For illustration purposes, I used the following (synthetic) data set $$\left( \begin{array}{cc} x & f(x) \\ 0.0 & -11.47 \\ 0.5 & -15.62 \\ 1.0 & -18.19 \\ 1.5 & -19.17 \\ 2.0 & -18.02 \\ 2.5 & -15.30 \\ 3.0 & -11.06 \\ 3.5 & -6.34 \\ 4.0 & -1.50 \\ 4.5 & +2.33 \\ 5.0 & +4.92 \\ 5.5 & +5.49 \\ 6.0 & +4.33 \end{array} \right)$$ Below are reported the results of the linear regressions for different values of $\alpha$ $$\left( \begin{array}{cc} \alpha & \\ 0.1 & \{145.375,\{A\to -7.60697,B\to -174.895,d\to 158.722\}\} \\ 0.2 & \{135.708,\{A\to -5.44567,B\to -48.7632,d\to 32.6894\}\} \\ 0.3 & \{119.635,\{A\to -5.52408,B\to -25.2303,d\to 9.34186\}\} \\ 0.4 & \{97.4249,\{A\to -6.2399,B\to -16.7424,d\to 1.16049\}\} \\ 0.5 & \{69.9893,\{A\to -7.29279,B\to -12.459,d\to -2.63686\}\} \\ 0.6 & \{39.7696,\{A\to -8.58334,B\to -9.62791,d\to -4.7105\}\} \\ 0.7 & \{12.4717,\{A\to -10.0273,B\to -7.20268,d\to -5.97143\}\} \\ 0.8 & \{\color{red}{0.0564199},\{A\to -11.4518,B\to -4.6306,d\to -6.79914\}\} \\ 0.9 & \{24.2511,\{A\to -12.4754,B\to -1.59026,d\to -7.37301\}\} \\ 1.0 & \{115.154,\{A\to -12.4273,B\to 1.90681,d\to -7.78404\}\} \end{array} \right)$$
Using $\alpha_*=0.8$, we get $a=12.3526$, $d=−6.79914$ and $\beta=-2.75734$ and then $b=7.85398$ and $c=3.44668$. Using these numbers, the reults of the nonlinear regression are $$\begin{array}{clclclclc} \text{} & \text{Estimate} & \text{Standard Error} & \text{Confidence Interval} \\ a & 12.346 & 0.0234427 & \{12.2919,12.4001\} \\ b & 7.89158 & 0.0148157 & \{7.85741,7.92574\} \\ c & 3.45132 & 0.003368 & \{3.44355,3.45909\} \\ d & -6.77303 & 0.0209294 & \{-6.82129,-6.72477\} \\ \end{array}$$ As you can notice, the final parameters are quite close to the guesses.

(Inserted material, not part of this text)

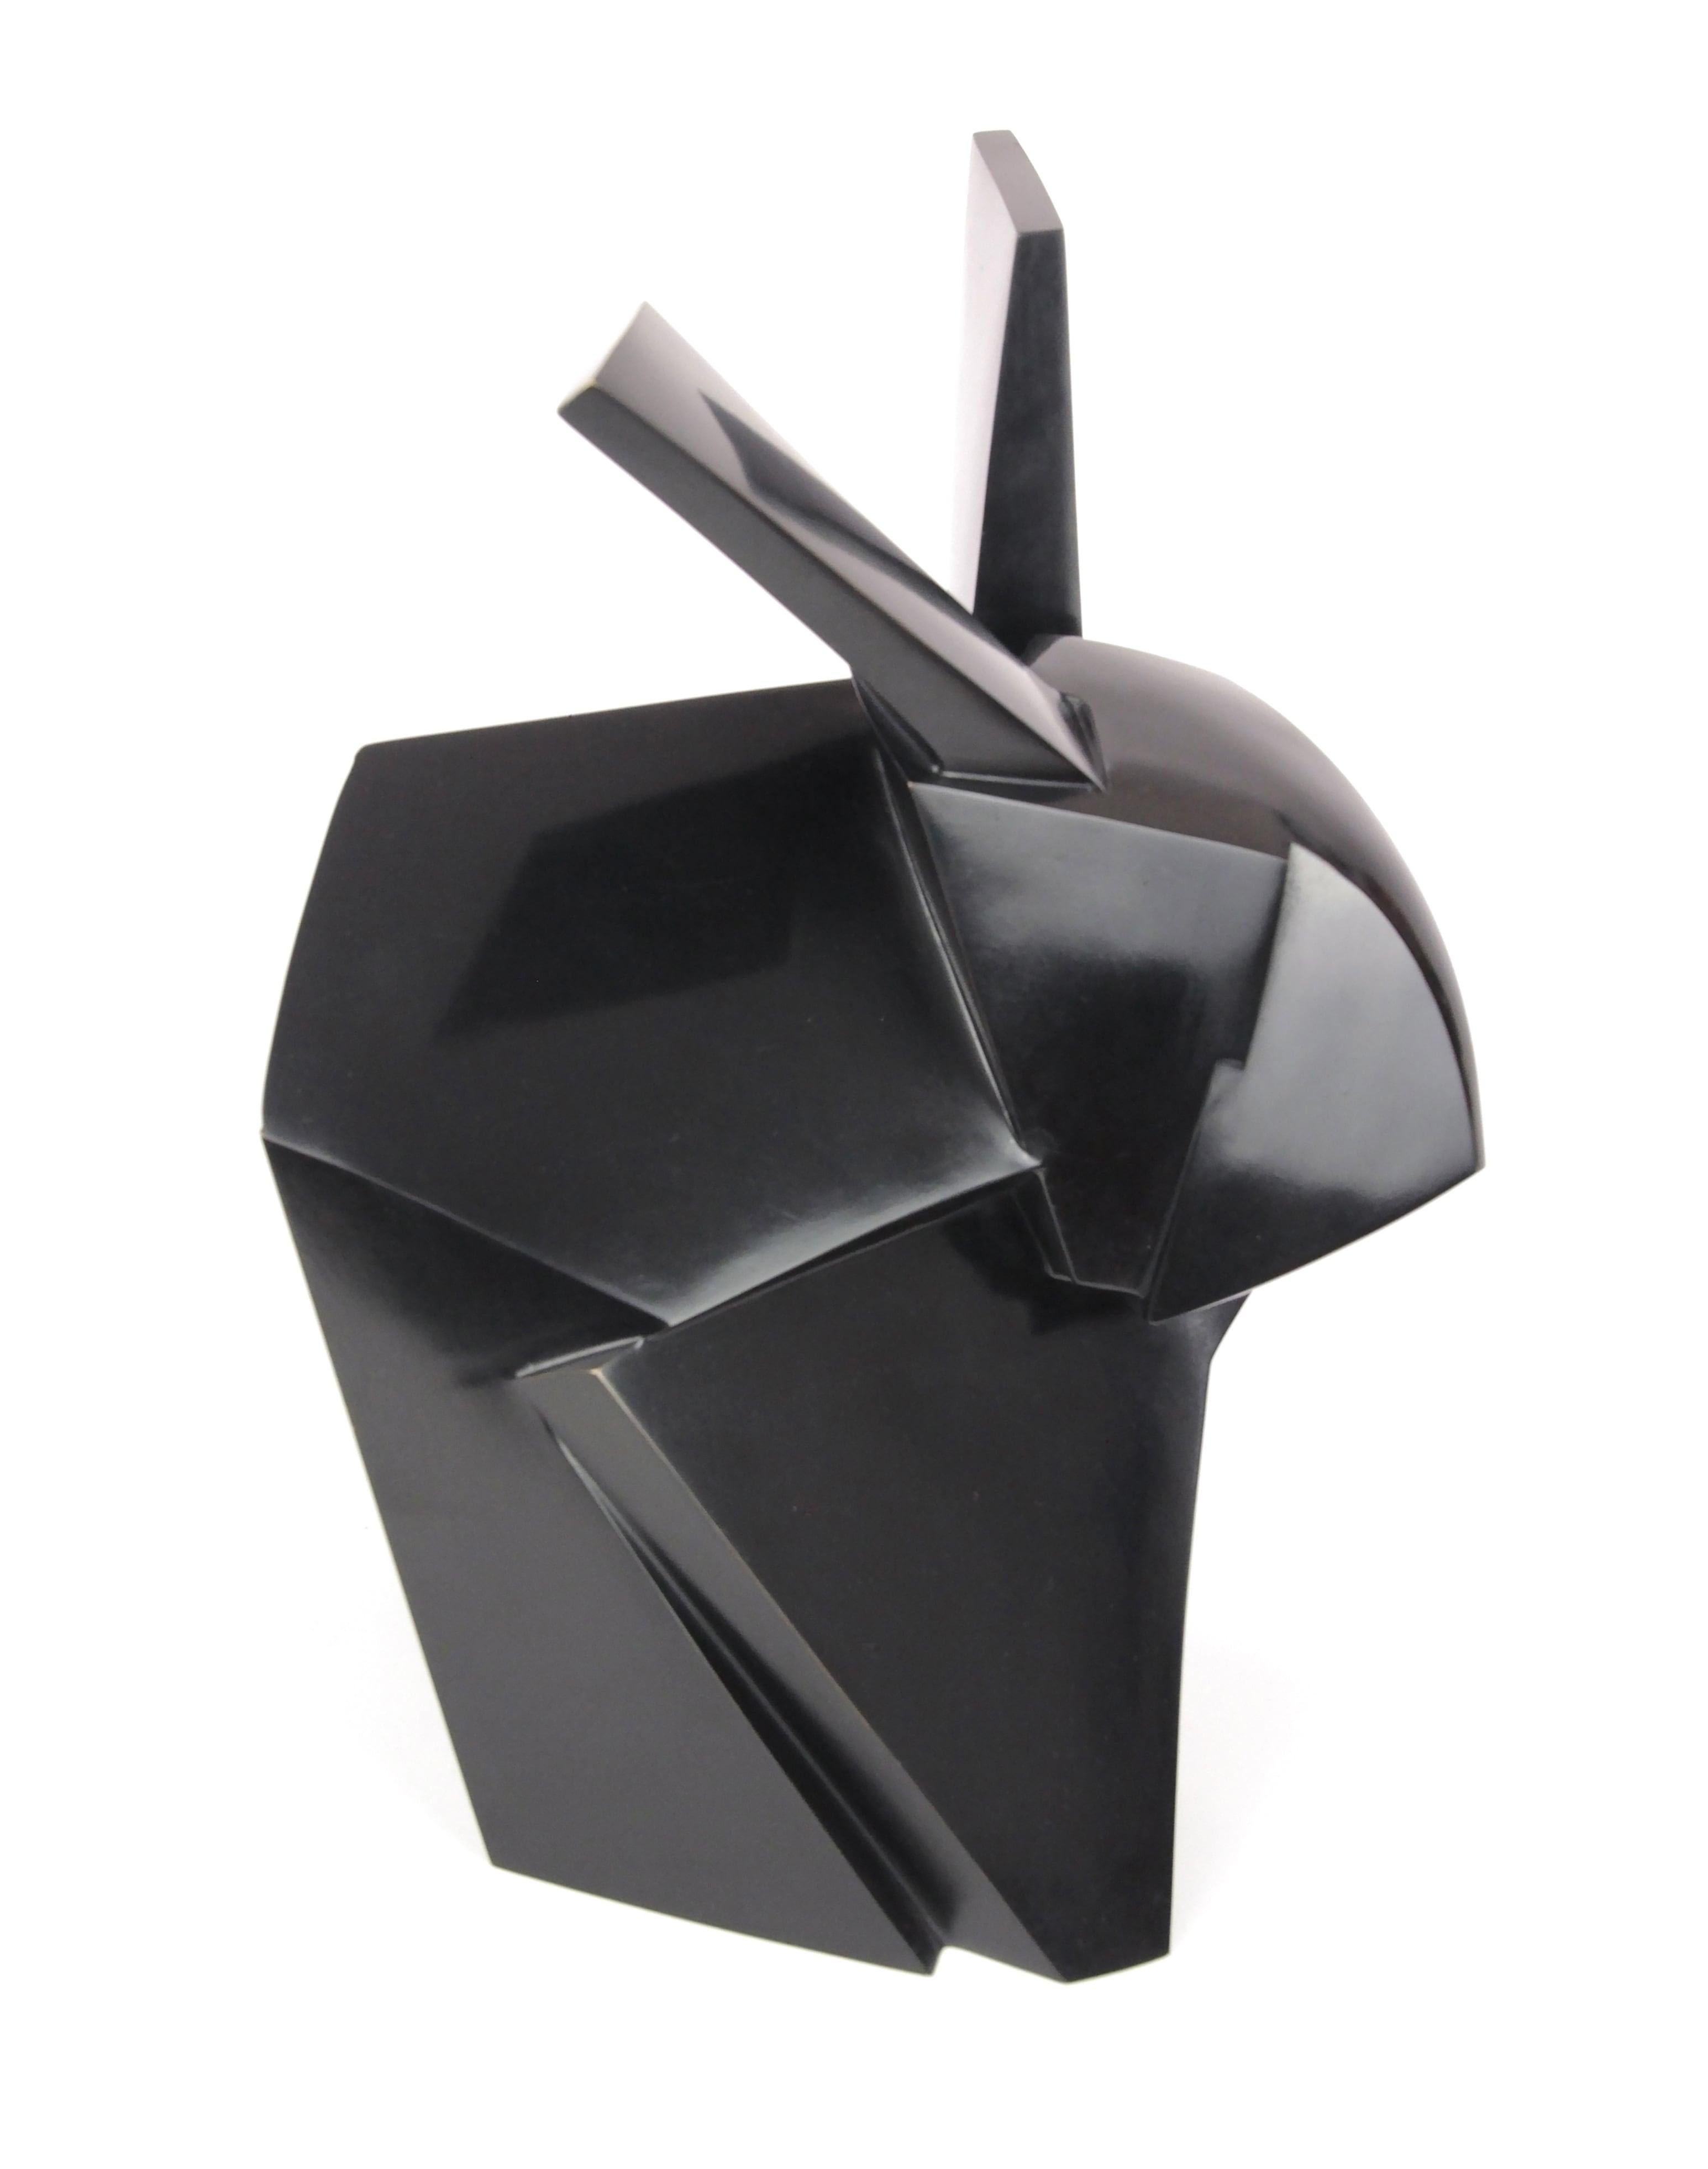 Jokio is a bronze sculpture by contemporary artist Jacques Owczarek, dimensions are 27 × 19 × 19 cm (10.6 × 7.5 × 7.5 in). The sculpture is signed and numbered, it is part of a limited edition of 8 editions + 4 artist’s proofs, and comes with a

Comparing data and prediction $$\left( \begin{array}{ccc} x & f(x) & \text{prediction} \\ 0.0 & -11.47 & -11.509 \\ 0.5 & -15.62 & -15.558 \\ 1.0 & -18.19 & -18.234 \\ 1.5 & -19.17 & -19.117 \\ 2.0 & -18.02 & -18.070 \\ 2.5 & -15.30 & -15.255 \\ 3.0 & -11.06 & -11.115 \\ 3.5 & -6.34 & -6.2947 \\ 4.0 & -1.50 & -1.5496 \\ 4.5 & +2.33 & +2.3786 \\ 5.0 & +4.92 & +4.8754 \\ 5.5 & +5.49 & +5.5505 \\ 6.0 & +4.33 & +4.2982 \end{array} \right)$$
Update
Using the data you posted in your edit $$\left( \begin{array}{cc} x & f(x) \\ 1 & 3.42 \\ 2 & 0.73 \\ 3 & 0.12 \\ 4 & 2.16 \\ 5 & 4.97 \\ 6 & 5.97 \end{array} \right)$$ applying the procedure given in my edit, we obtain $$\begin{array}{clclclclc} \text{} & \text{Estimate} & \text{Standard Error} & \text{Confidence Interval} \\ a & 3.00141 & 0.00178404 & \{2.97874,3.02408\} \\ b & 6.28596 & 0.00321329 & \{6.24513,6.32679\} \\ c & 4.28388 & 0.00094226 & \{4.27190,4.29585\} \\ d & 2.99993 & 0.00174274 & \{2.97779,3.02207\} \\ \end{array}$$ Comparing data and prediction $$\left( \begin{array}{ccc} x & f(x) & \text{prediction} \\ 1 & 3.42 &3.42124\\ 2 & 0.73 &0.72783\\ 3 & 0.12 &0.12170\\ 4 & 2.16 &2.15966\\ 5 & 4.97 &4.96954\\ 6 & 5.97 &5.97003 \end{array} \right)$$ Your very simplified procedure leads to very different results.